▸ **SUPPLIED INFORMATION**:
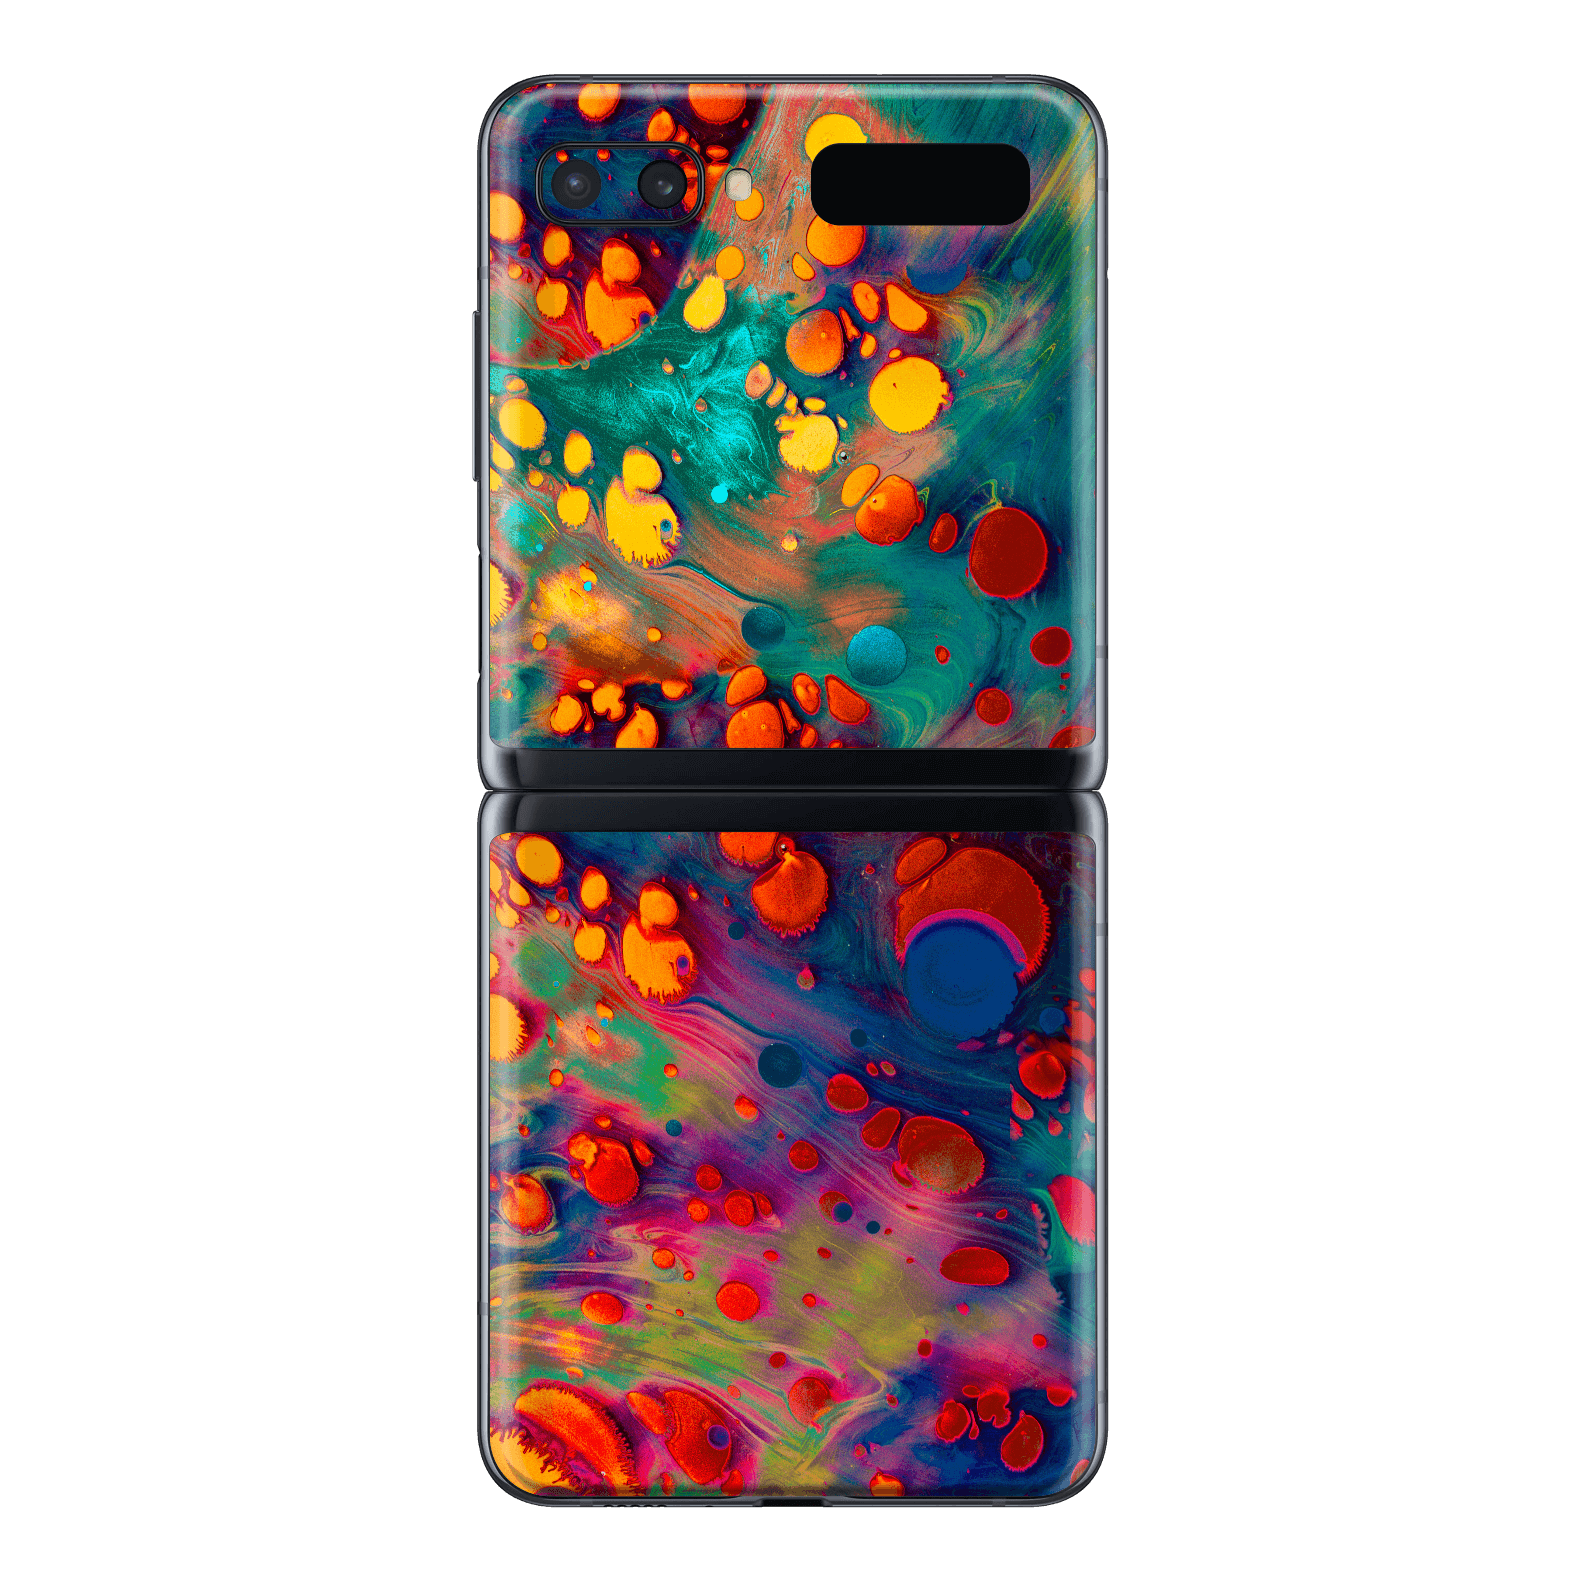 Samsung Galaxy Z Flip Print Printed Custom SIGNATURE Abstract Art Impression Skin Wrap Sticker Decal Cover Protector by EasySkinz | EasySkinz.com
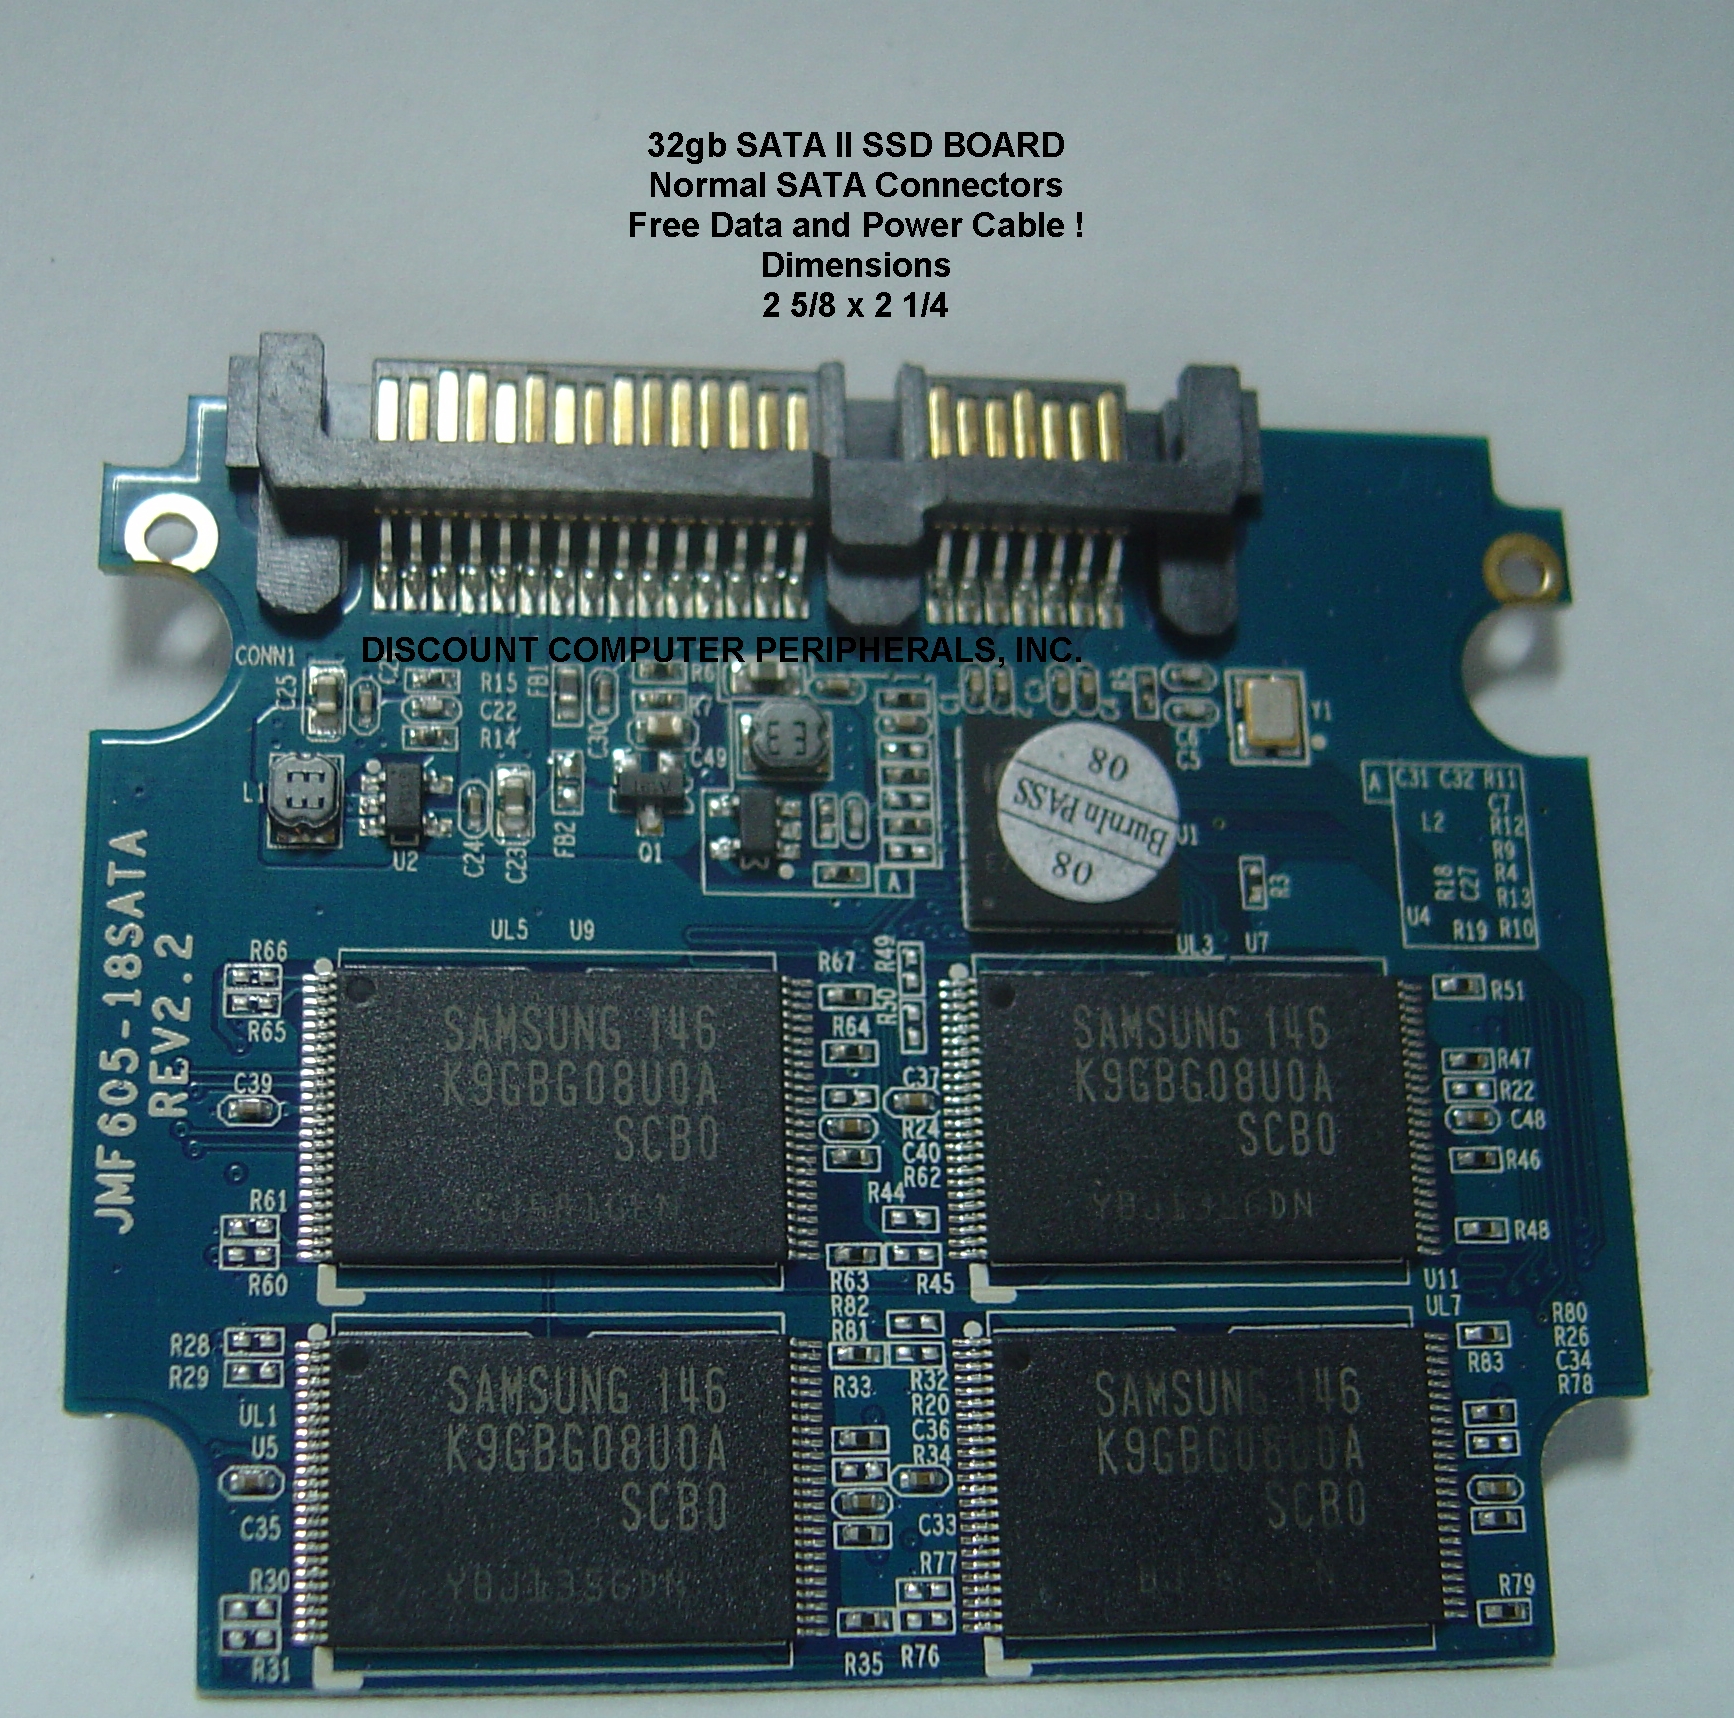 JMICRON JMF605-18SATA - 32GB SSD SATA II HALF SIZE 1.8IN Board -
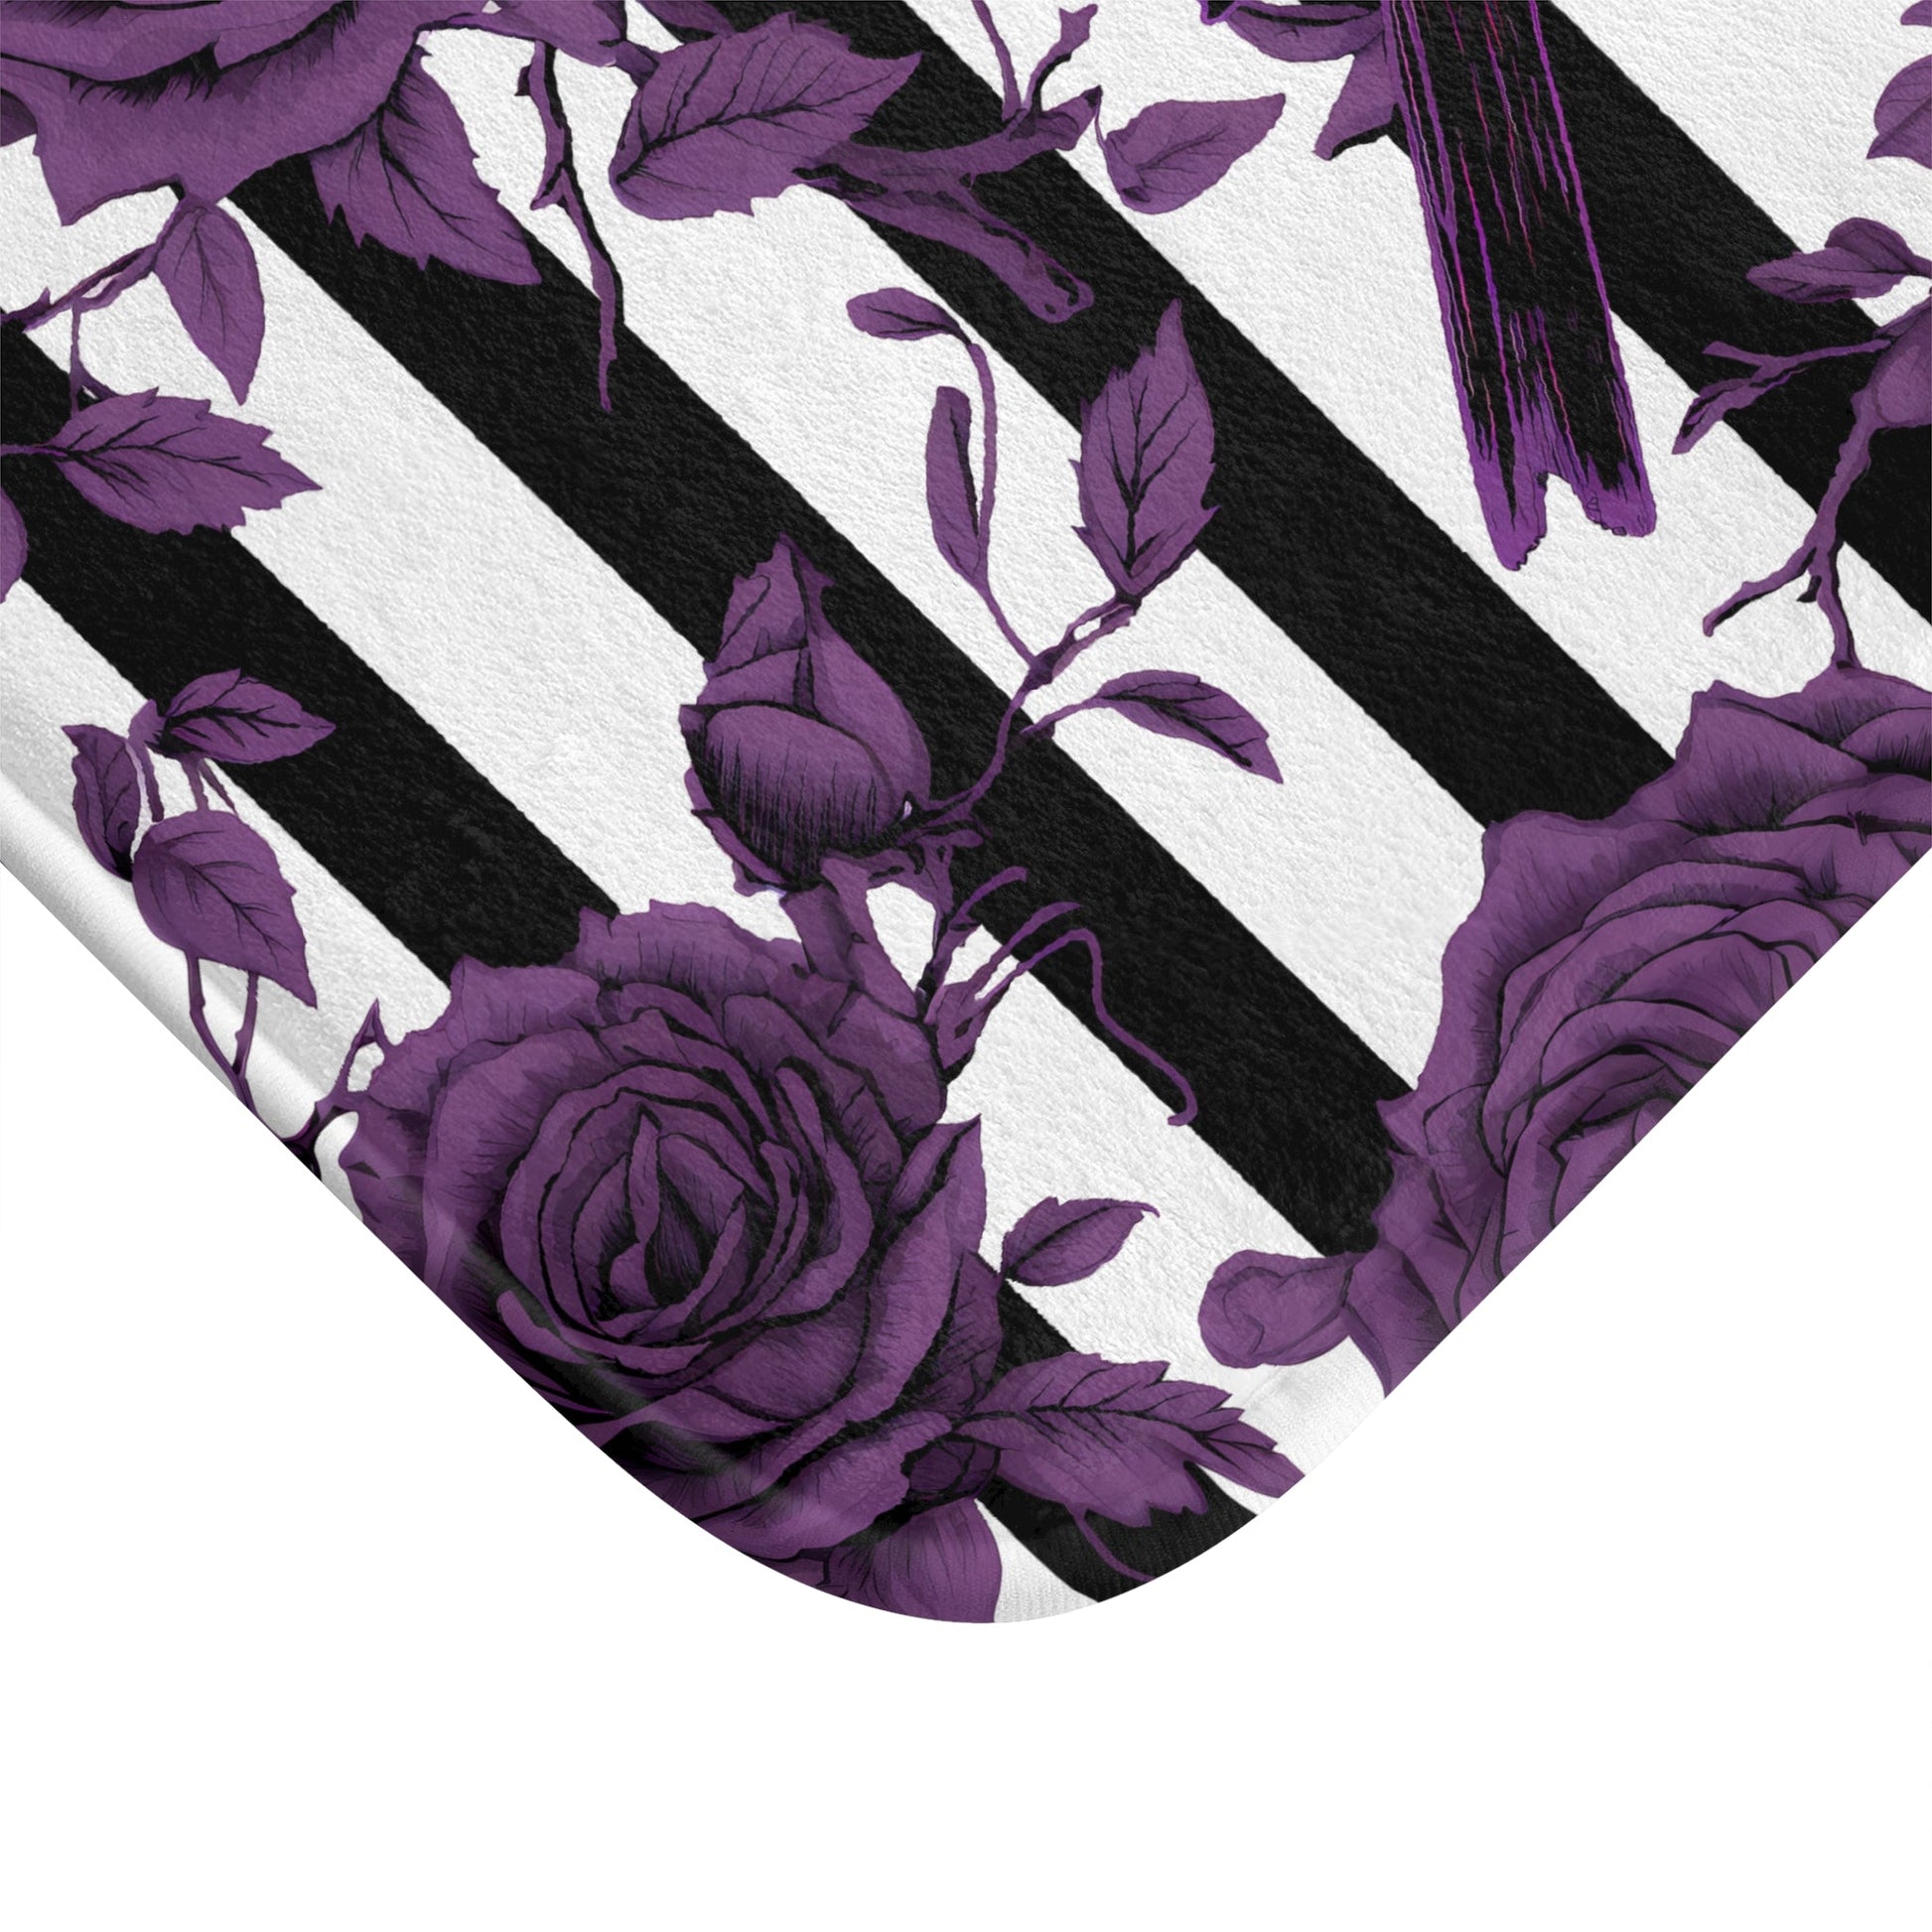 Black White Striped Purple Roses and Crows Bath MatHome DecorVTZdesigns24" × 17"baroqueBathBathroom

▸ **YOUR GOAL**:
Make an exact copy of the listing above. Do not include the pictures.

▸ **TASK OUTPUT**:
 Samsung Galaxy Z Flip Print Printed Custom SIGNATURE Abstract Art Impression Skin Wrap Sticker Decal Cover Protector by EasySkinz | EasySkinz.com
 JMICRON JMF605-18SATA - 32GB SSD SATA II HALF SIZE 1.8IN Board -
 Black White Striped Purple Roses and Crows Bath MatHome DecorVTZdesigns24" × 17"baroqueBathBathroom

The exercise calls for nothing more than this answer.